[GRASS-dev] GRASS and GPGPU

Has anyone considered the possibility of doing stream-based calculations on
the GPU [1] for raster operations on large datasets ?

1. http://en.wikipedia.org/wiki/GPGPU

It appears that this method works best on highly vectorized instructions,
often in 2 "dimensions"-- appropriate for matrix/grid computations.

Just a thought.

Dylan

--
Dylan Beaudette
Soil Resource Laboratory
http://casoilresource.lawr.ucdavis.edu/
University of California at Davis
530.754.7341

Yes, that is an excellent thought. I was considering this possibility for speeding up common interpolation, image transformation and
resampling, as well.

Kriging in realtime, anyone? :wink:

Of course, this would have to be implemented in a GPU-specific library.
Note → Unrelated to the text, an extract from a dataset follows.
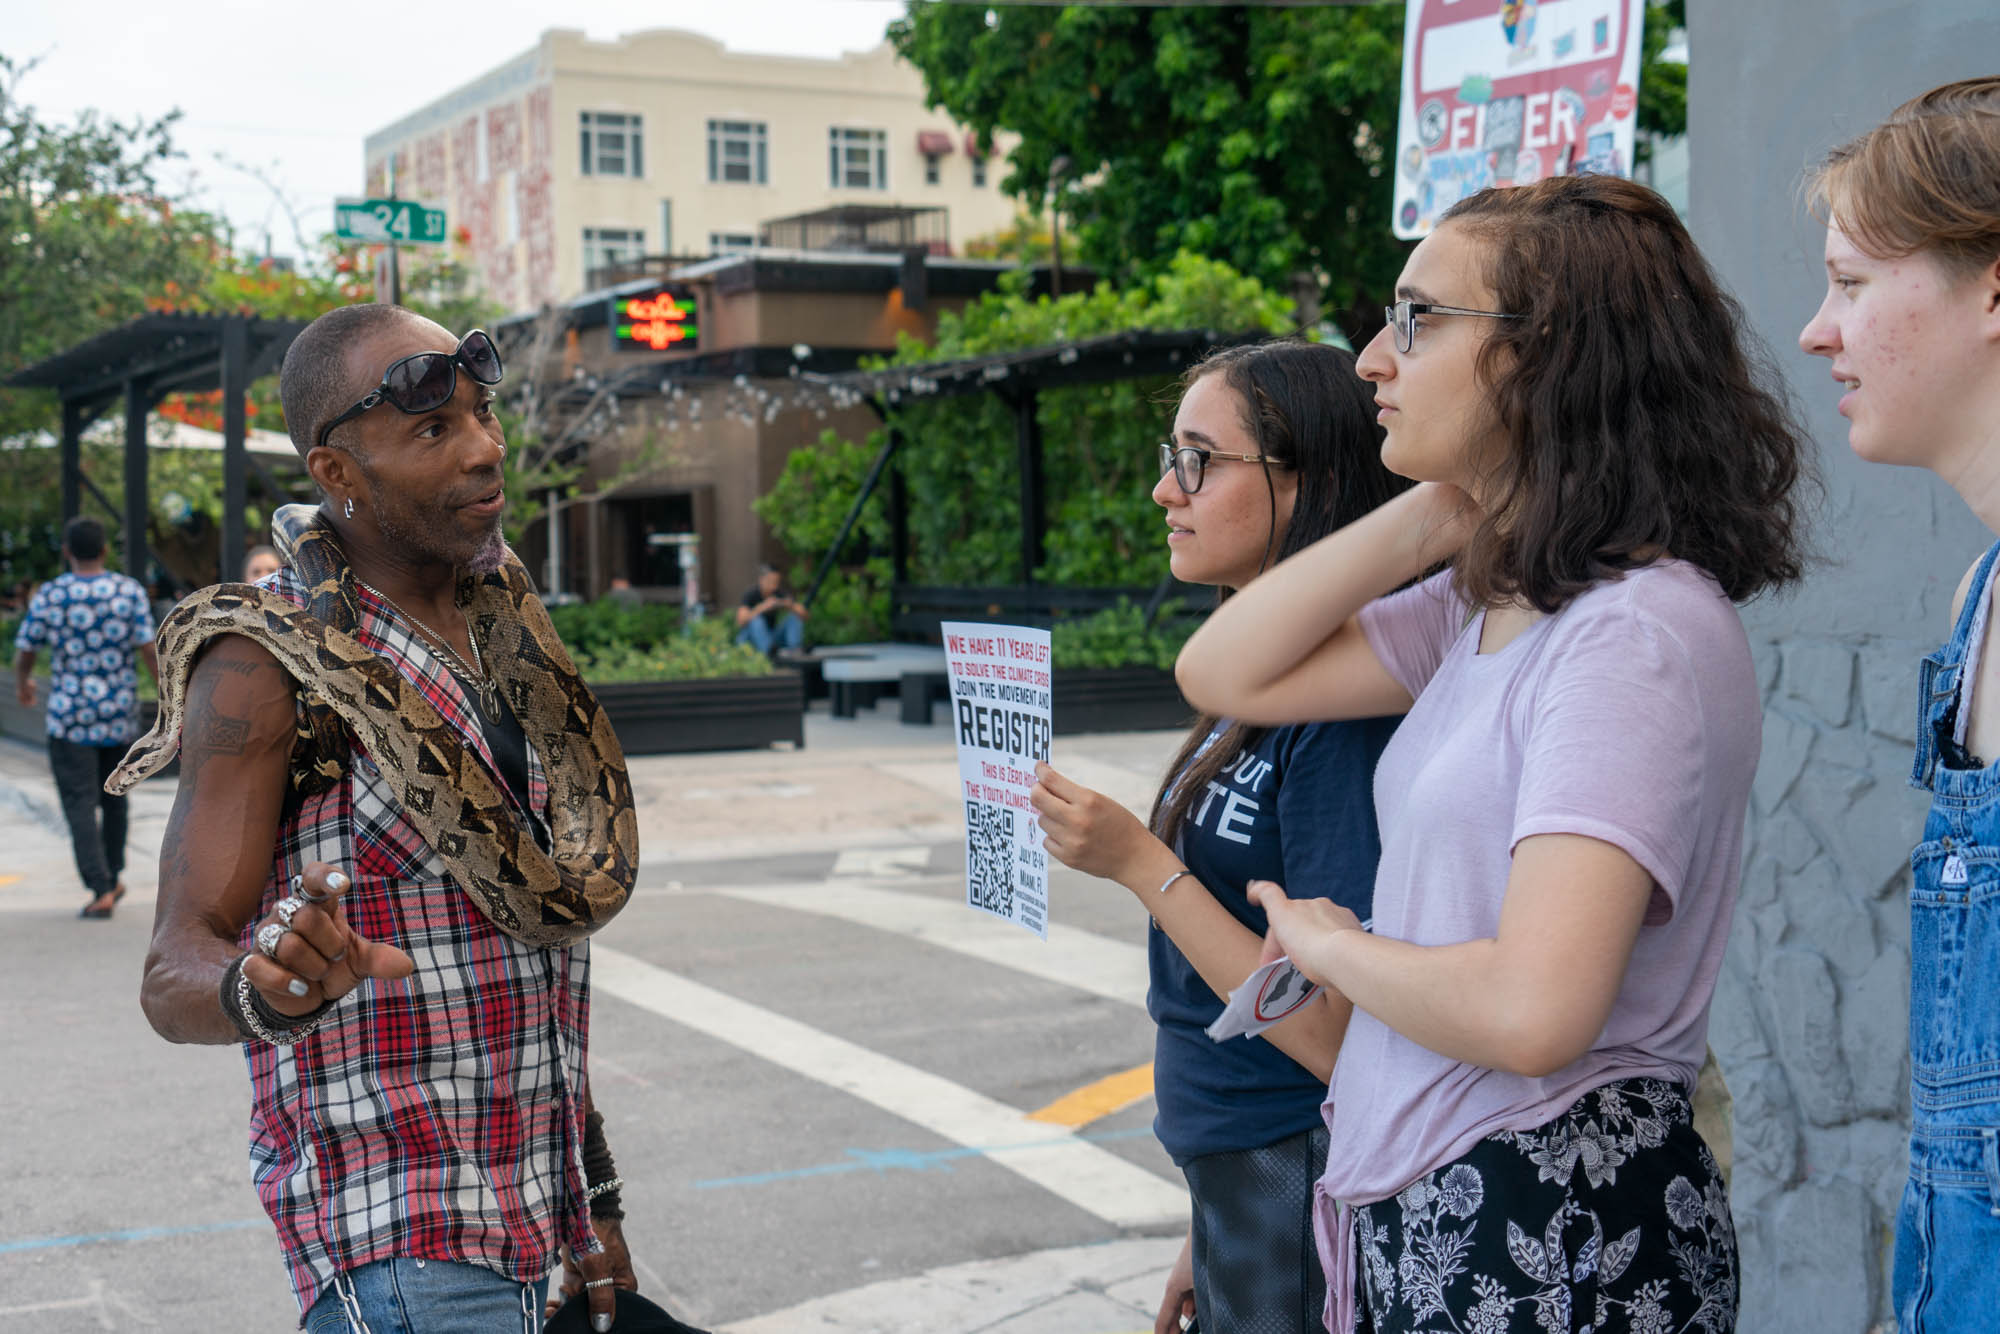 Ray “Fangdaddy” Henry, a street performer in Miami’s Wynwood Walls district, learns about the Youth Climate Summit from Zero Hour activists (from left) Sohayla Eldeeb, Jamie Margolin and Kendall Kieras. (Jordan Laird/News21)

NVidia has the CUDA SDK, which is not open source at the moment, but
the pressure is on:

http://forums.nvidia.com/lofiversion/index.php?t28458.html

ATI already seems to have their stuff (CTM) opened up.
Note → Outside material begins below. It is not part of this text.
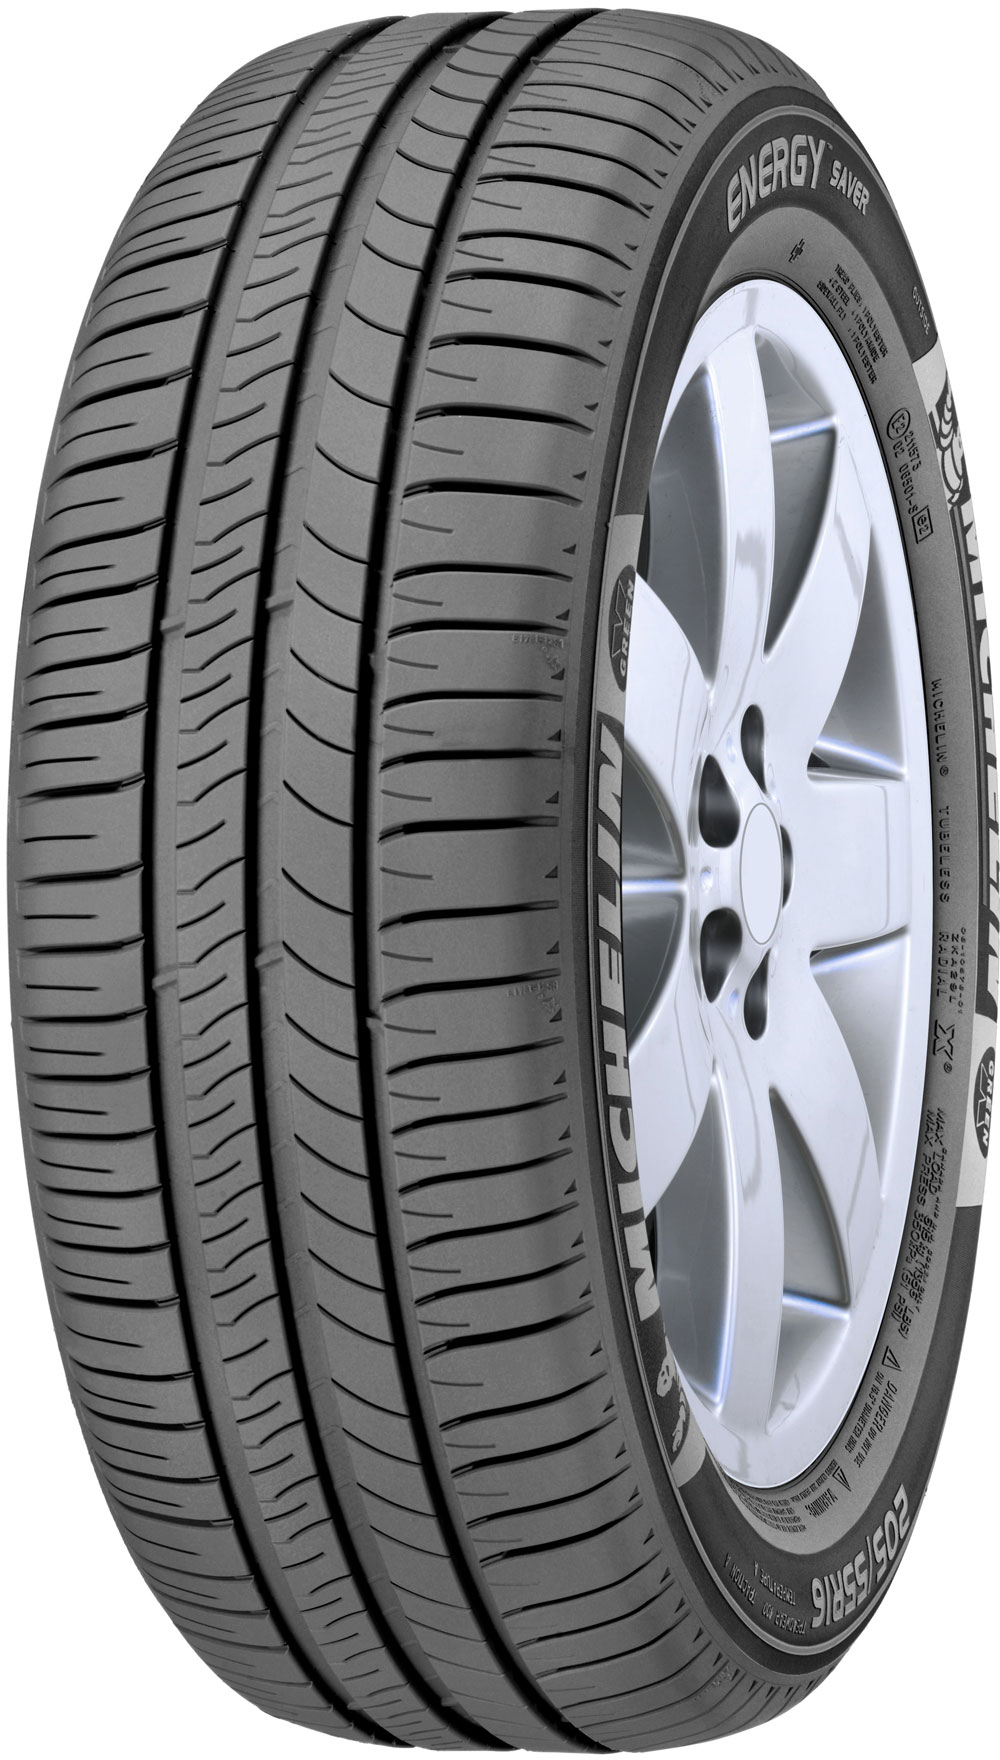 Anvelope auto MICHELIN ENERGY SAVER+ BMW 175/65 R14 82T

Maybe a proof-of-concept GPGPU module would make a nice little SoC
project?

Benjamin

Dylan Beaudette wrote:

Has anyone considered the possibility of doing stream-based calculations on the GPU [1] for raster operations on large datasets ?

1. http://en.wikipedia.org/wiki/GPGPU

It appears that this method works best on highly vectorized instructions, often in 2 "dimensions"-- appropriate for matrix/grid computations.

Just a thought.

Dylan

--
Benjamin Ducke, M.A.
Archäoinformatik
(Archaeoinformation Science)
Institut für Ur- und Frühgeschichte
(Inst. of Prehistoric and Historic Archaeology)
Christian-Albrechts-Universität zu Kiel
Johanna-Mestorf-Straße 2-6
D 24098 Kiel
Germany

Tel.: ++49 (0)431 880-3378 / -3379
Fax : ++49 (0)431 880-7300
www.uni-kiel.de/ufg

On Saturday 01 March 2008, Benjamin Ducke wrote:

Yes, that is an excellent thought. I was considering this possibility
for speeding up common interpolation, image transformation and
resampling, as well.

Kriging in realtime, anyone? :wink:

Of course, this would have to be implemented in a GPU-specific library.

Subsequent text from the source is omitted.